Henry C.K. Liu hliu at mindspring.com
Mon Apr 5 08:21:09 PDT 1999


It seems to me that at this moment in history "the left" suffers not from lack of progressive ideas or revolutionary enthusiasm, at least not in comparison to "the reactionary right". The left's weakness rests on the unhappy fact that it possesses less institutionalized power than it deserves after more than a century of ascendancy. While the right now is confident enough to acknowledge openly that its programs and institutions are far from perfect solutions, it makes the unjustified claim that theirs are the only or at least best alternatives. The right, by winning the Cold War, have assumed full control of most of the world's institutions and governments for more than a decade. Such victory did not come from moral or utilitarian persuasion.
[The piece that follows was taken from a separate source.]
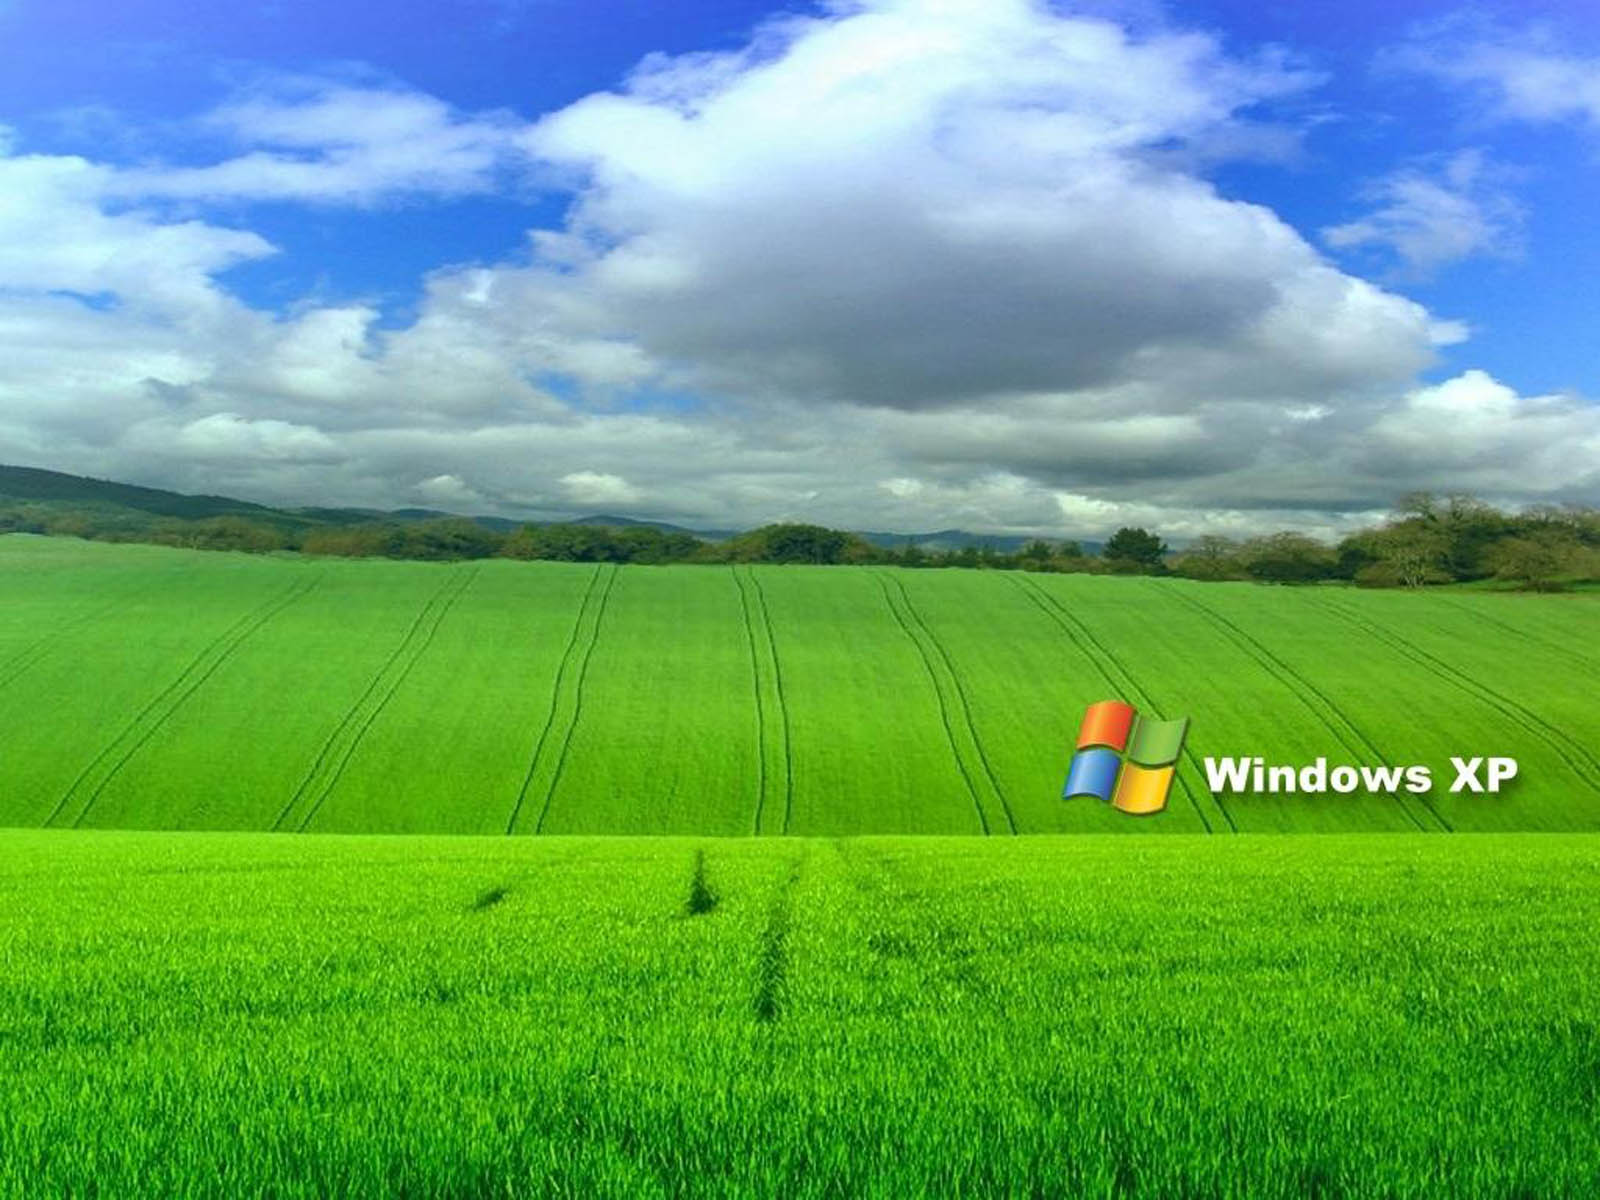 wallpapers Windows XP Desktop Wallpapers

It came instead from the persistent exercise of naked power. The end of the Cold War did not prove the deficiency of socialism. It did prove the errors and incompetence of the leaders of socialism in one phase of history. The struggle against Monarchism went on for centuries with many failed battles. The struggle against political imperialism went on for two centuries also with countless failed battles. The struggle against capitalistic economic imperialism can be expected to be equally difficult and protracted. What the left needs to do at this moment is to concentrate on a struggle to capture as many institutions and governments as possible, exploiting the inhernet weakness of a system based on exploitation, employing different strategies and tactics in different existing contexts, in democratic countries through elections, and in countries under the dictatorship of the proletariat through the revitalization of revolutioanry ideology. The global situation now has similarities to 1848, 1917 and 1929, in that a systemic breakdown of the powerful established order is imminent amid widespread complacency. The end of the Cold War is not the beginning of the Golden Age of global capitalism. Capitalism has not been able to provide solutions to former mismanaged socialist economies or other emerging economies. Disillusionment is everywhere. The left has lost its regular army and organized leadership, but its soldiers are everywhere ready for guerrilla warfare. The final battle is still ahead. History has not died.

Henry

Carrol Cox wrote:


> Doug wrote:
> >I think the best thing the U.S. left could do for the rest of the world
> >would be somehow, magically, to weaken the imperial might of the
> >United States.
>
> Doug is much too modest. The *only* thing that the U.S. left can
> do for the rest of the world is struggle to weaken U.S. imperial
> might -- this is not in question. What is in question is how "the
> left" comes into existence at any given moment, and how it gathers
> about it or participates in the formation of the more massive popular
> forces necessary to make such an impact possible.
>
> At the present there is no "left" in any sense that can give content to
> the phrase, "the left" but only scattered individuals and collections
> of individuals who more or less self-consciously aim at becoming
> part of "the left" -- i.e., in participating in the creation of "the left."
>
> May I also suggest that among that inchoate left defined by acceptance
> of Doug's point this is no time for extraneous quarrels, personal or
> political -- or at least such quarrels must somehow become secondary
> to resisting this latest outrage from our imperial masters.